If you caught our last blog, Privacy by Design & Default in Analog's Development Processes then you know that we shared our thoughts on how can systems be designed such that they achieve their purpose while also protecting the privacy of users. Today, we take the subject a bit further to discuss how to put the principles into practice.
Frameworks often present ideal, and at times impractical, expectations which leave engineers scratching their heads around how they apply to real-world development. Next, we introduce some of the tools that can be leveraged to protect privacy, and then return to our real-world use case of electronic toll systems (as described in the previous blog) to bridge the gap between privacy by design principles and their application in practice.
There are many privacy-enhancing technologies (PETs) to protect users' privacy, from differential privacy to secure multi-party computation. While PETs are powerful tools, applying them correctly requires domain expertise, and on their own they are unlikely to resolve all of the relevant privacy concerns. Rather than focus on any particular PET, let's examine how to apply the principles of privacy by design during the product design stage. Before walking through an example use case (2), it is important to understand the concept of data minimization: sharing as little sensitive data as possible with entities the user does not control. A goal of privacy by design is to minimize the privacy risks and trust assumptions that are placed on other entities, as they remove control from the user over their data.
The usual approach to data collection begins with a surplus of data, far more than is required. This surplus set of data is then reduced after reviewing the relevant data protection and privacy regulations, which restrict what data is allowed to be collected. However, just because data is not disallowed from being collected does not mean that it needs be collected.
If instead we follow the privacy by design approach, we would begin by identifying the absolute minimum amount of data that must be collected by other entities to solve the underlying problem. This minimal set may need to be expanded in order to ensure the final system functions as intended.
Let’s return to our example electronic highway toll system, and specify two requirements: (1) the toll authority must know the correct fee to charge each user, and (2) the users cannot cheat the system. There are clear privacy concerns around the collection of users' location data for determining the fee based on highway entry/exit, as well as service integrity requirements to prevent users from cheating the toll system.
A straightforward solution would be to transmit GPS data from each user's vehicle to the toll authority along with their identity so that the toll authority can compute the fee to charge. However, GPS data reveals an incredible amount of auxiliary information: which interchanges the user entered/exited, what time this occurred, how fast the user was driving, etc. In fact, none of that information is needed to satisfy the system requirement of charging the correct fee! Rather, the minimum amount of data that must be shared with the toll authority is the total distance traveled (3). This can be accomplished by calculating the distance locally at the user's vehicle, and then transmitting the distance traveled to the toll authority. The sensitive GPS data doesn't need to leave the user's control (their vehicle) which minimizes their privacy risk and the amount of trust that must be placed in the toll authority.
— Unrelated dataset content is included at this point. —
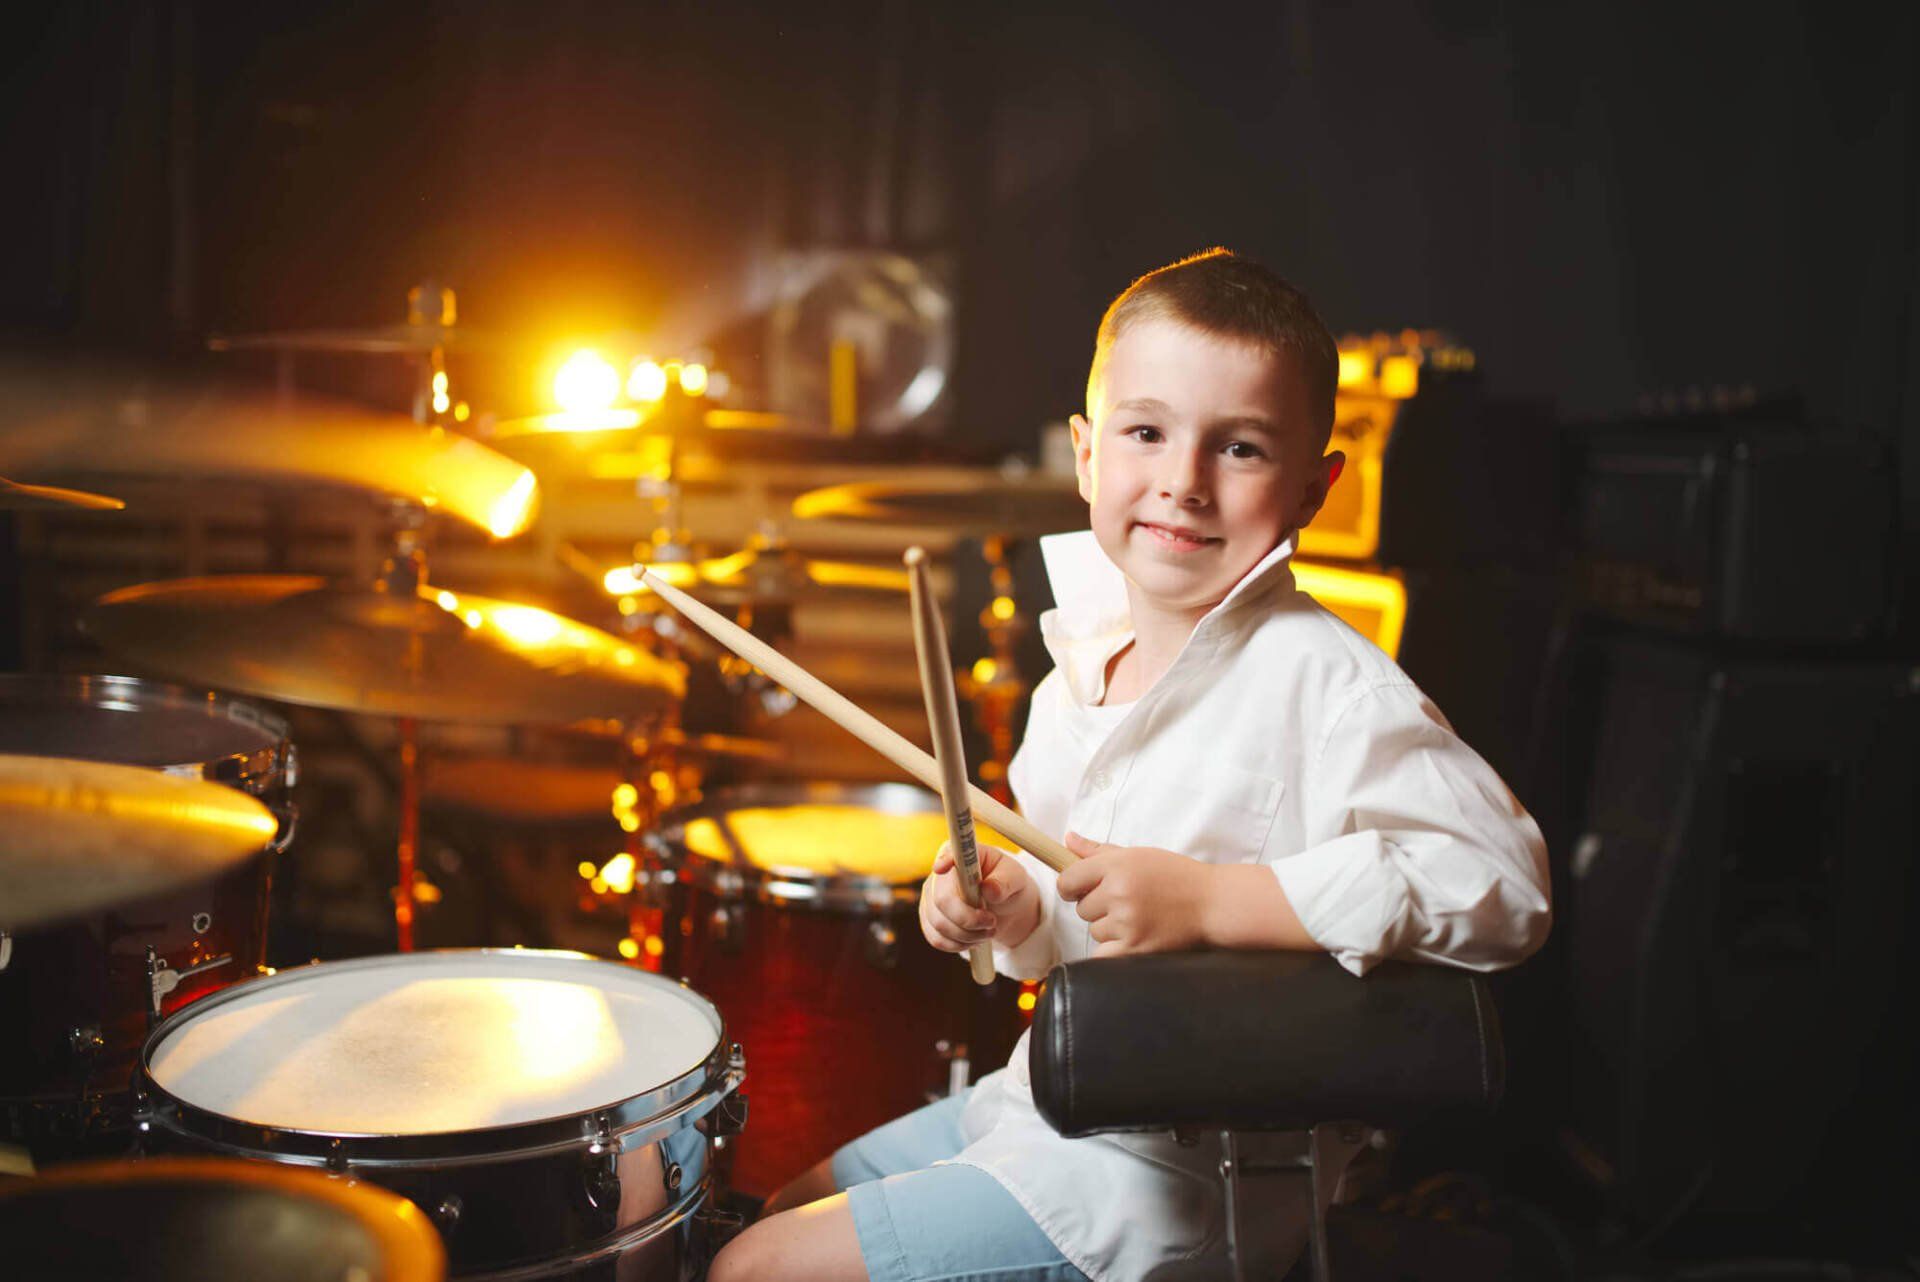 שיפור ביטחון עצמי אצל ילדים עם מוזיקה

What about the second requirement that users cannot cheat the system? This is the type of problem that PETs are designed to solve. In this case, a cryptographic tool can provide the toll authority with sealed commitments containing the GPS data that backs up the fee calculation. Since the commitment is sealed, the toll authority can't access the GPS data on its own. However, if there is other evidence that calls into question the validity of the fee, the court can compel the user to open the commitment and prove that the fare was calculated correctly. In this example, the cryptographic commitment is an example of additional data that is required to maintain the integrity of the service, even though it wasn't in the original minimum set of required data.
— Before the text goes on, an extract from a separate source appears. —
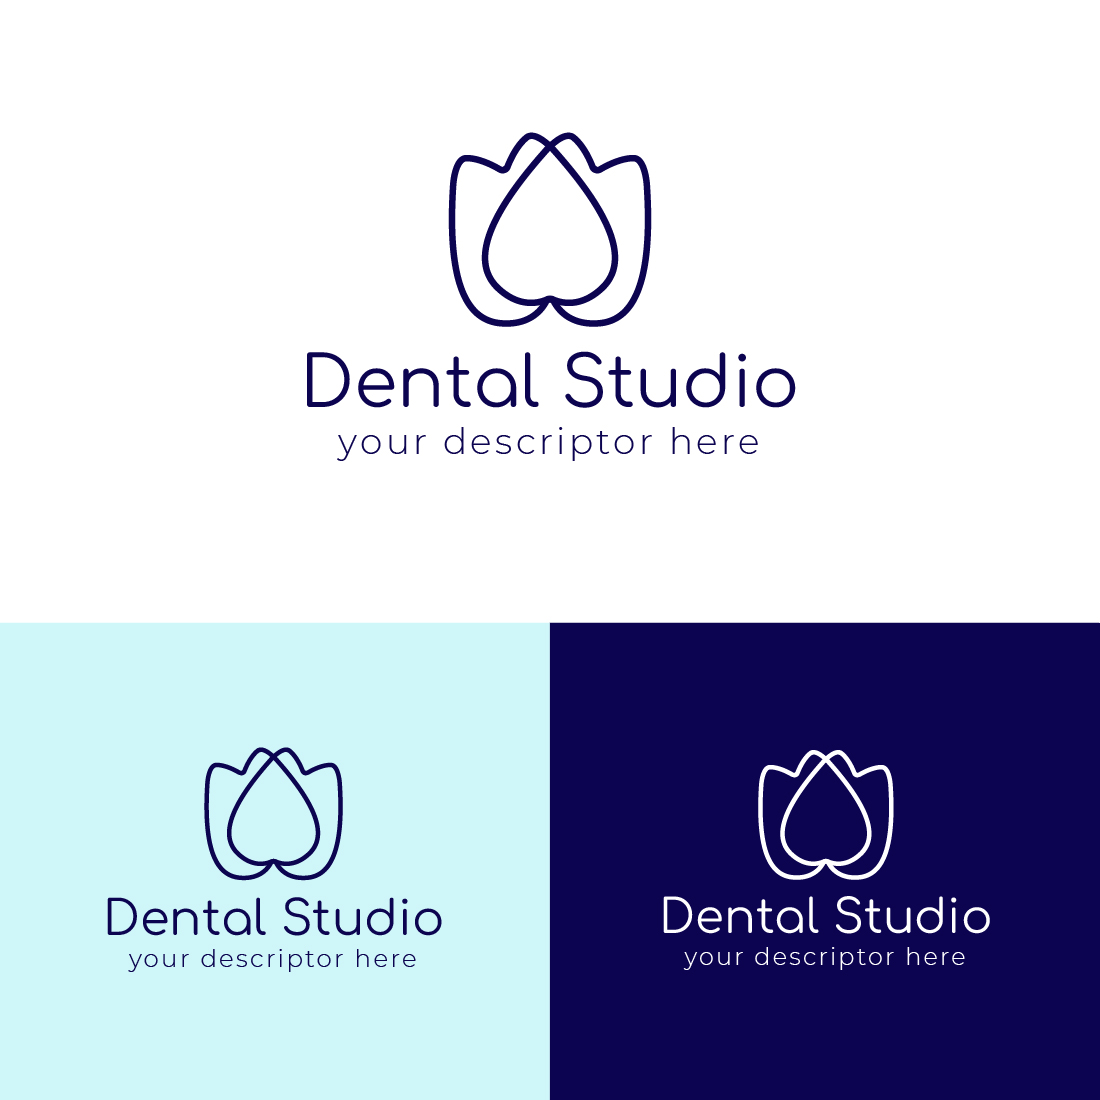 lotus dental logo cover image.

Privacy is not only a requirement for products to comply with regulations, it also demonstrates our commitment to protecting the rights and freedoms of our users. Importantly, Privacy by Design principles must be integrated throughout the product development lifecycle, from inception through end-of-life. As we saw in our example, it’s worthwhile to identify the minimum amount of data required for the system to achieve its stated goals before making design decisions. Proceeding without factoring in privacy considerations can result a solution that cannot comply with privacy regulations due to the design itself. For instance, consider in our example the privacy implications of whether the toll operator or vehicle owner controls the collection and transmission of the data. Poor privacy design decisions can result in re-design costs, regulatory fines, and a loss of customer trust. By raising awareness of these principles, we hope to encourage engineers to begin discussions around data privacy and protection early in the lifecycle.